** Exercise aim **
Please transcribe the listing that follows exactly; images are to be excluded.

** Recorded information **
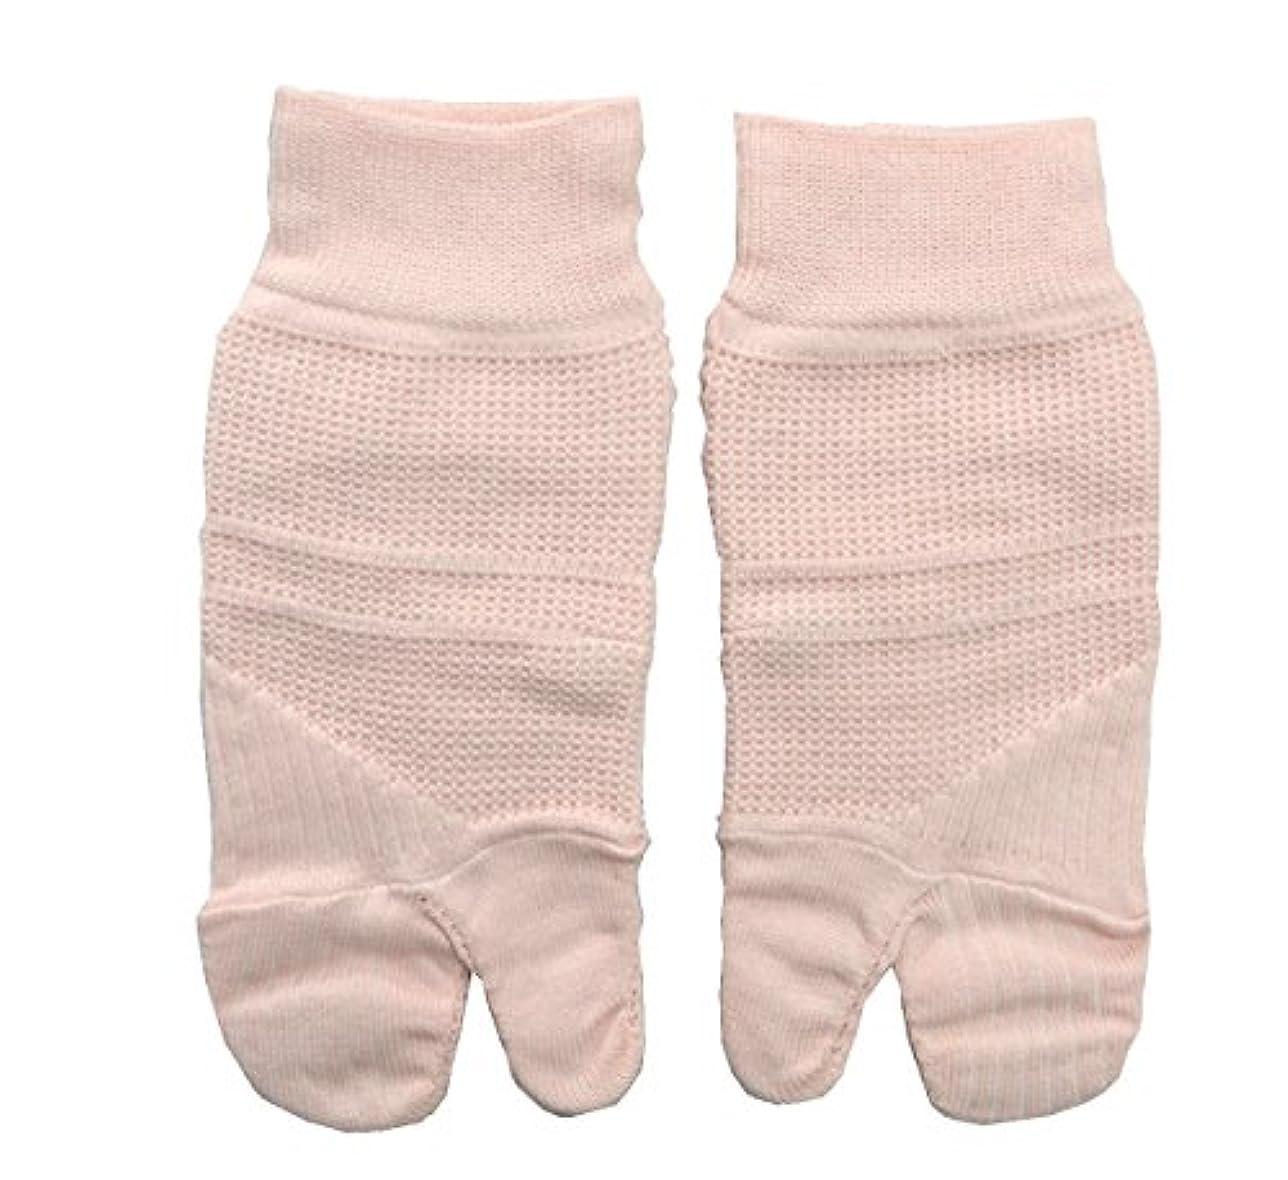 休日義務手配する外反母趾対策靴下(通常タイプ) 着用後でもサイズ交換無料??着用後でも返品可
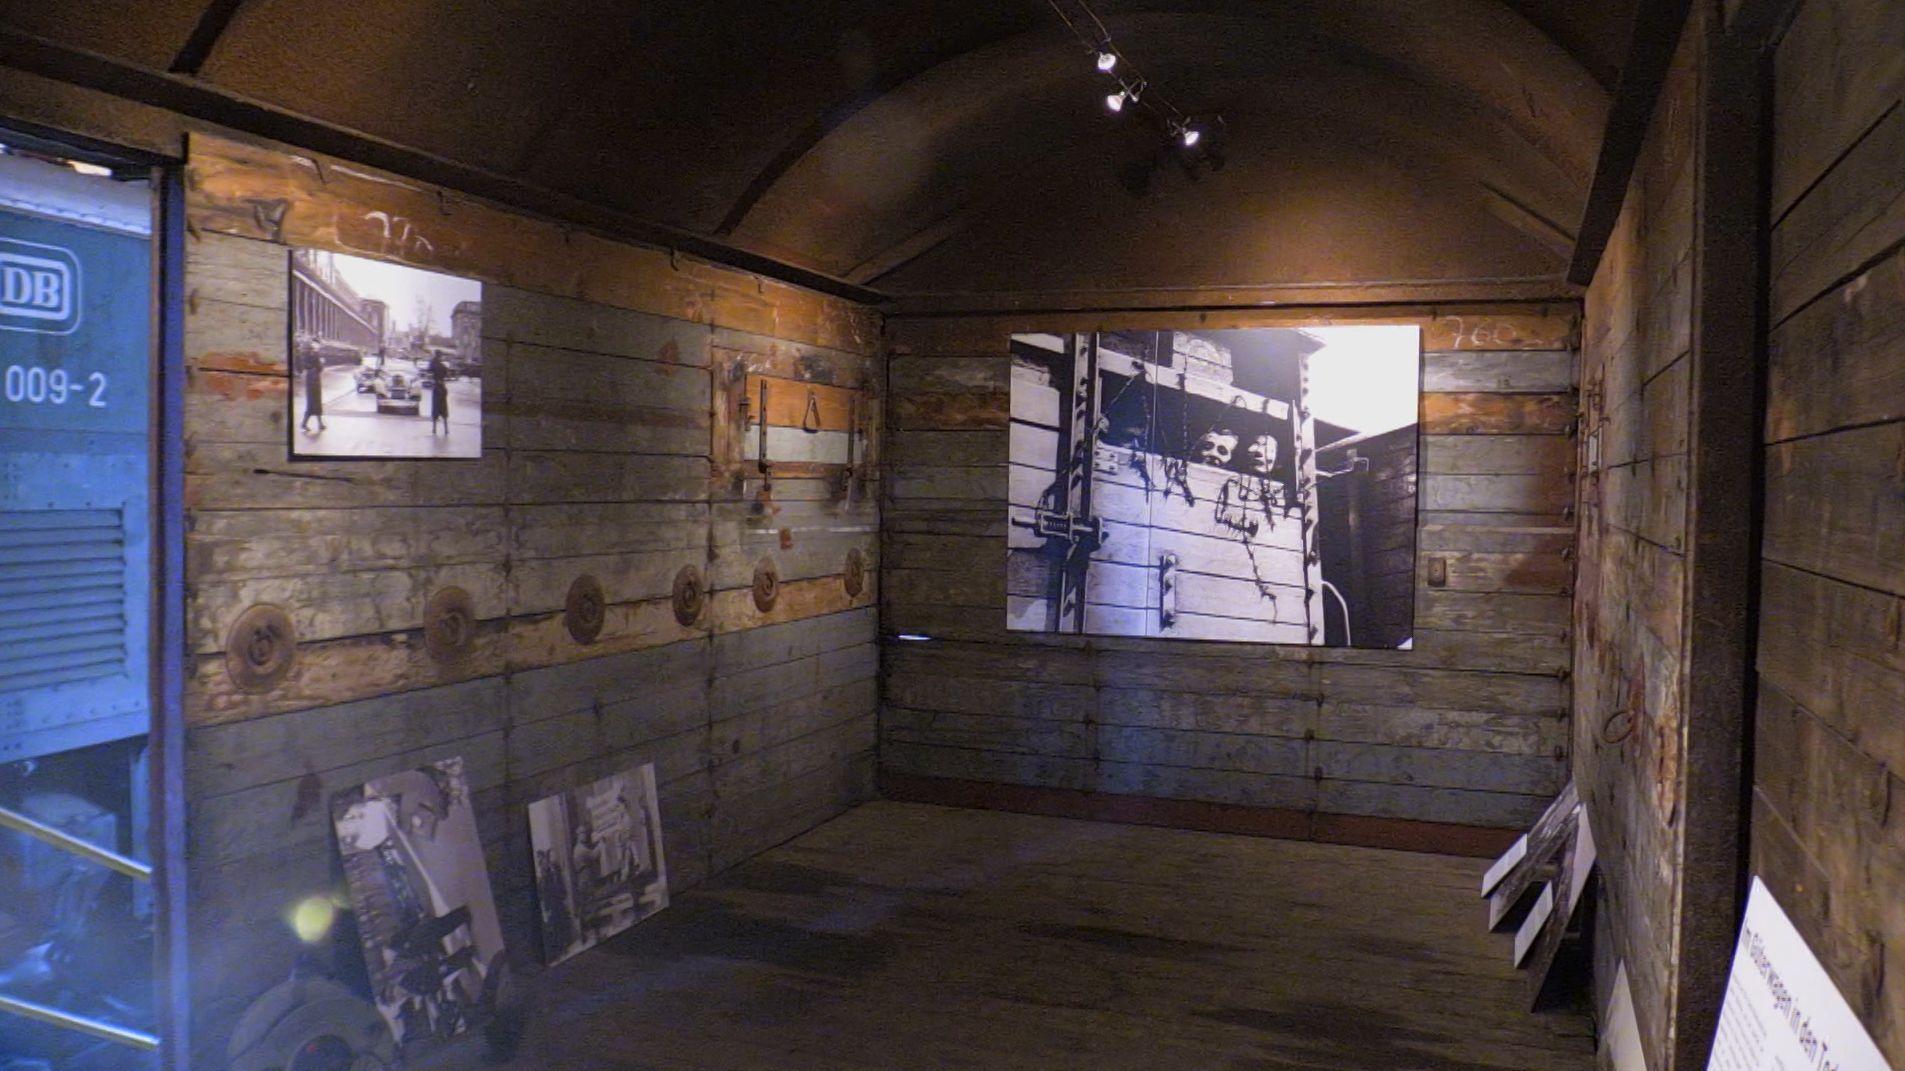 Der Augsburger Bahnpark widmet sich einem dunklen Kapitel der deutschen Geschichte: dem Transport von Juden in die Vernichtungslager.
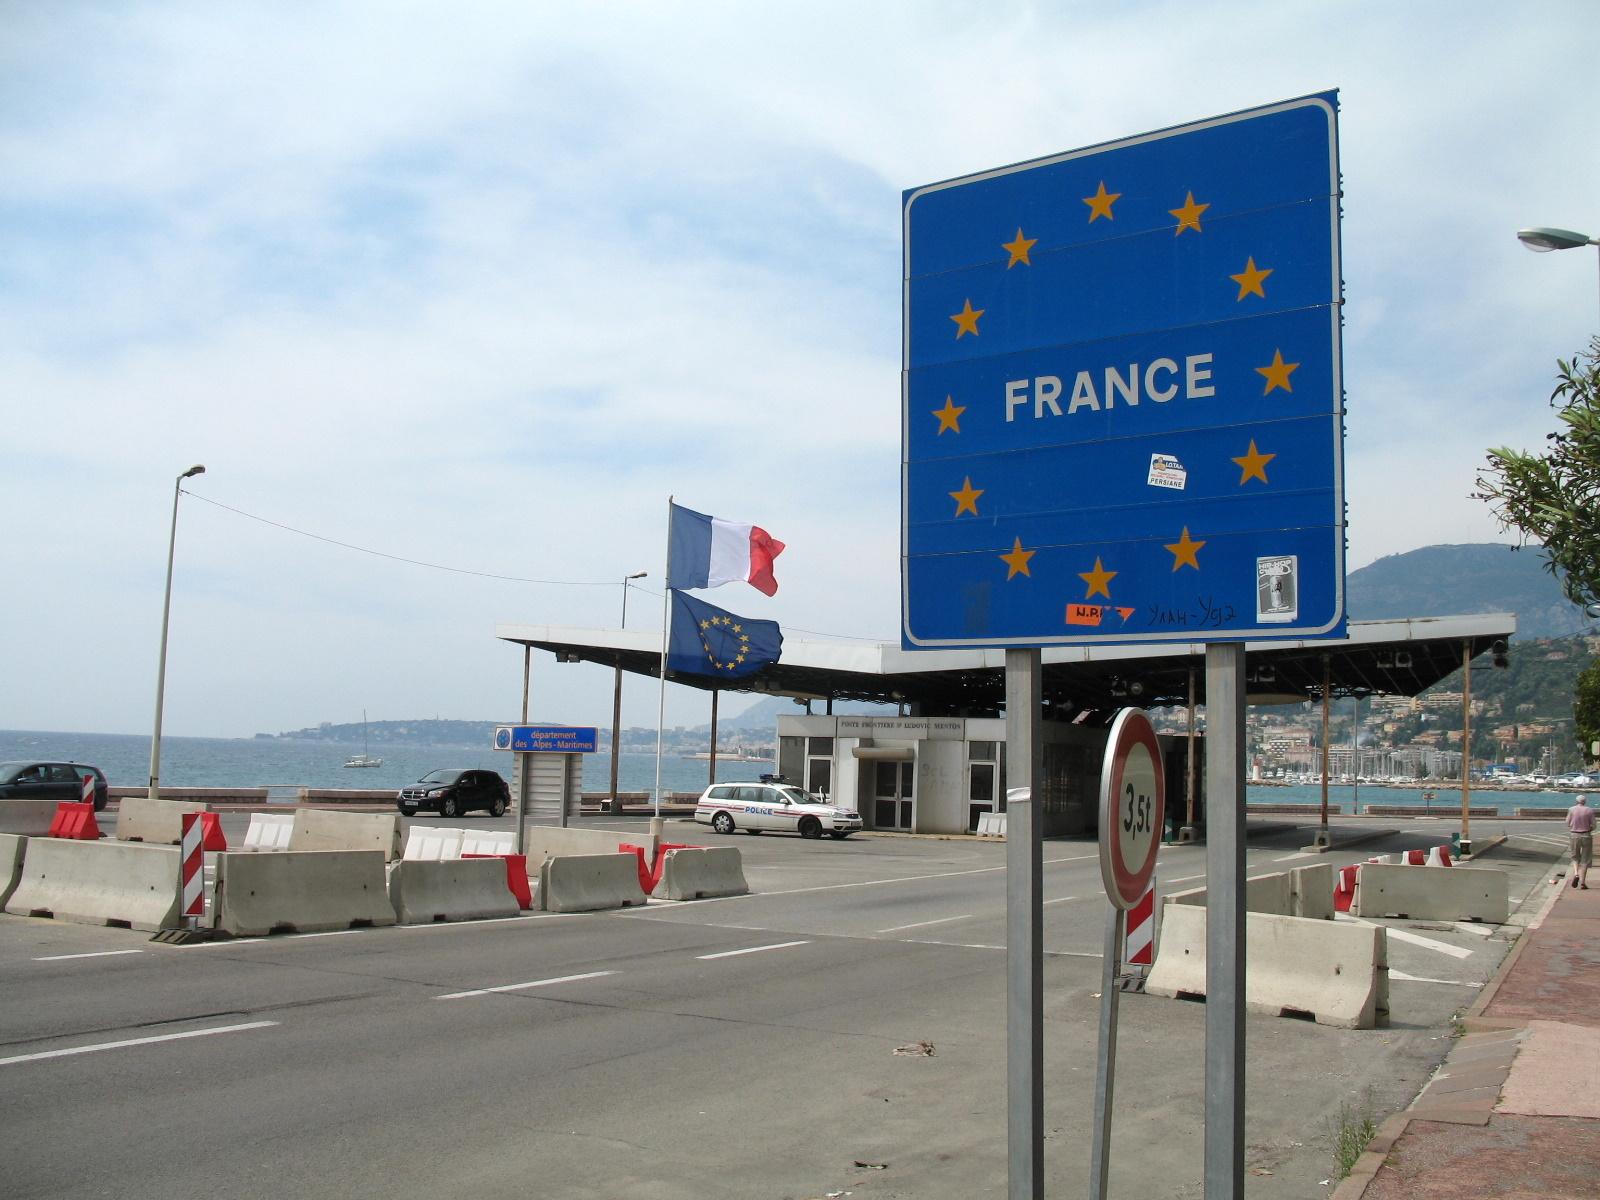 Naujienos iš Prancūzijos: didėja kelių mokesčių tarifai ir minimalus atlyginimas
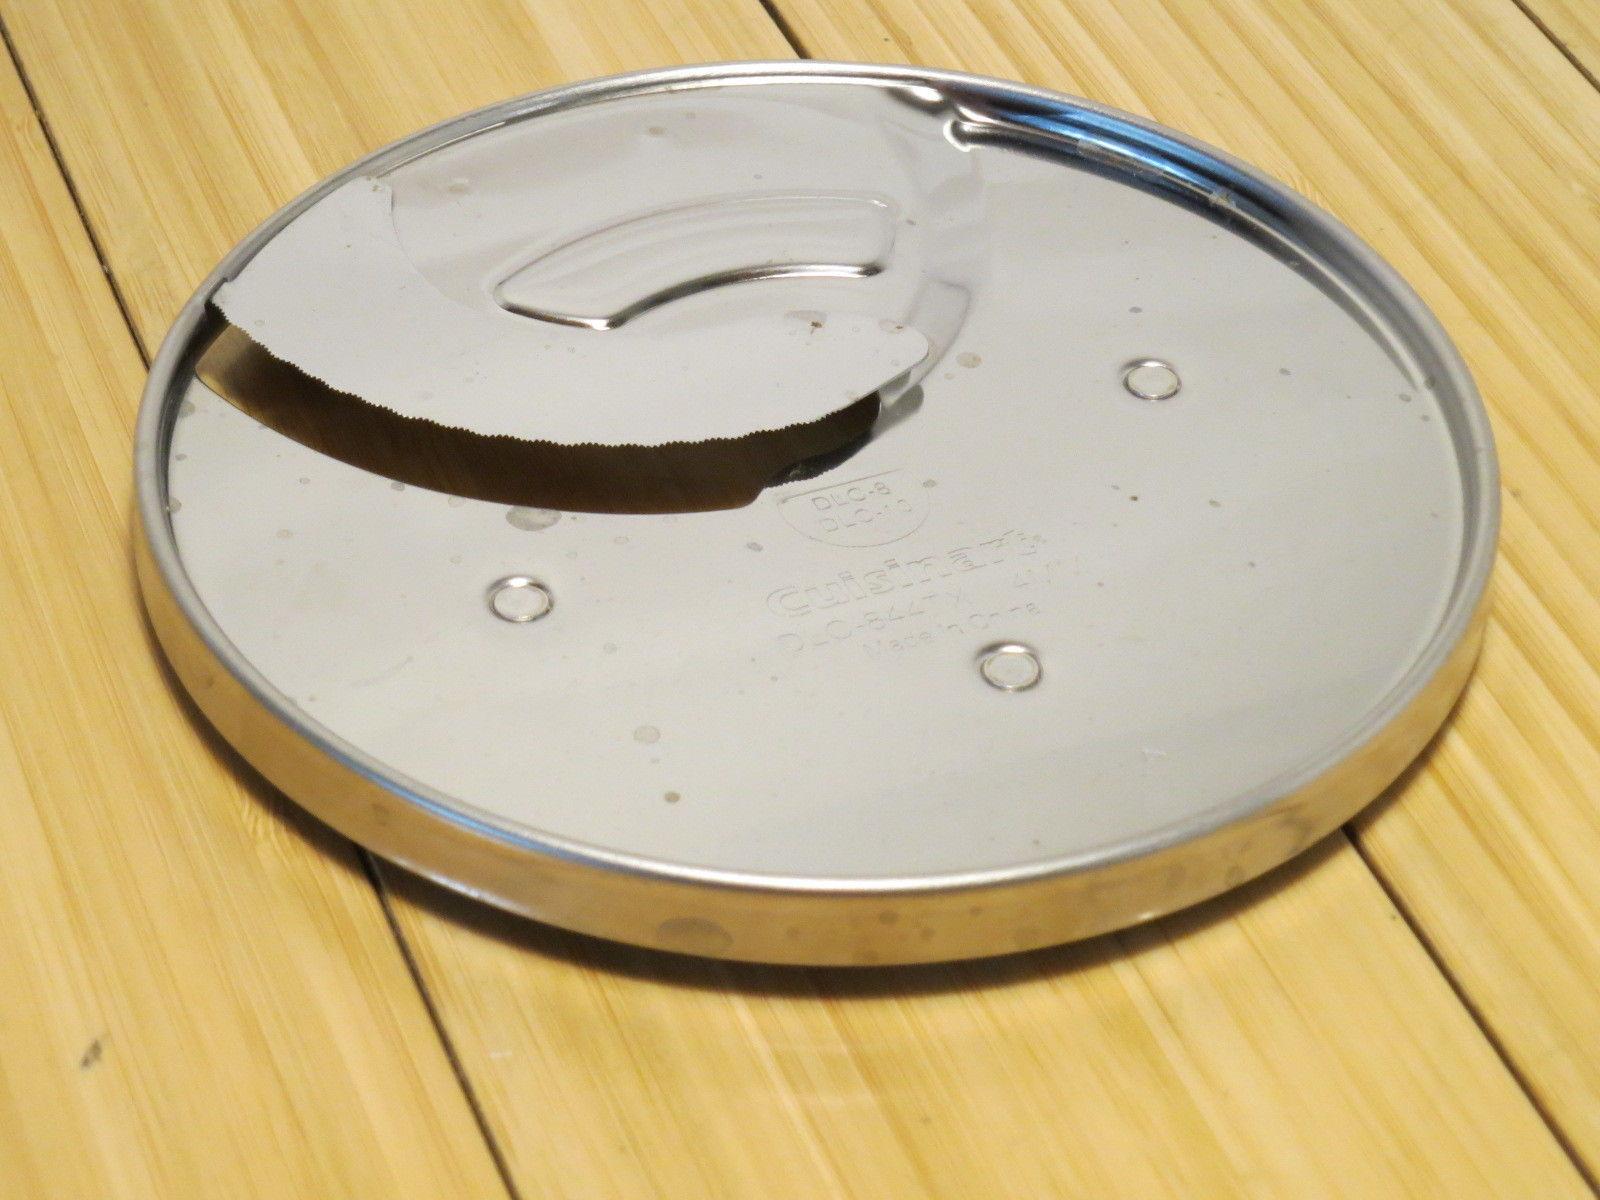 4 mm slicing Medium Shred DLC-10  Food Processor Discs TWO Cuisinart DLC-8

** Response area **
 休日義務手配する外反母趾対策靴下(通常タイプ) 着用後でもサイズ交換無料??着用後でも返品可
 Der Augsburger Bahnpark widmet sich einem dunklen Kapitel der deutschen Geschichte: dem Transport von Juden in die Vernichtungslager.
 Naujienos iš Prancūzijos: didėja kelių mokesčių tarifai ir minimalus atlyginimas
 4 mm slicing Medium Shred DLC-10  Food Processor Discs TWO Cuisinart DLC-8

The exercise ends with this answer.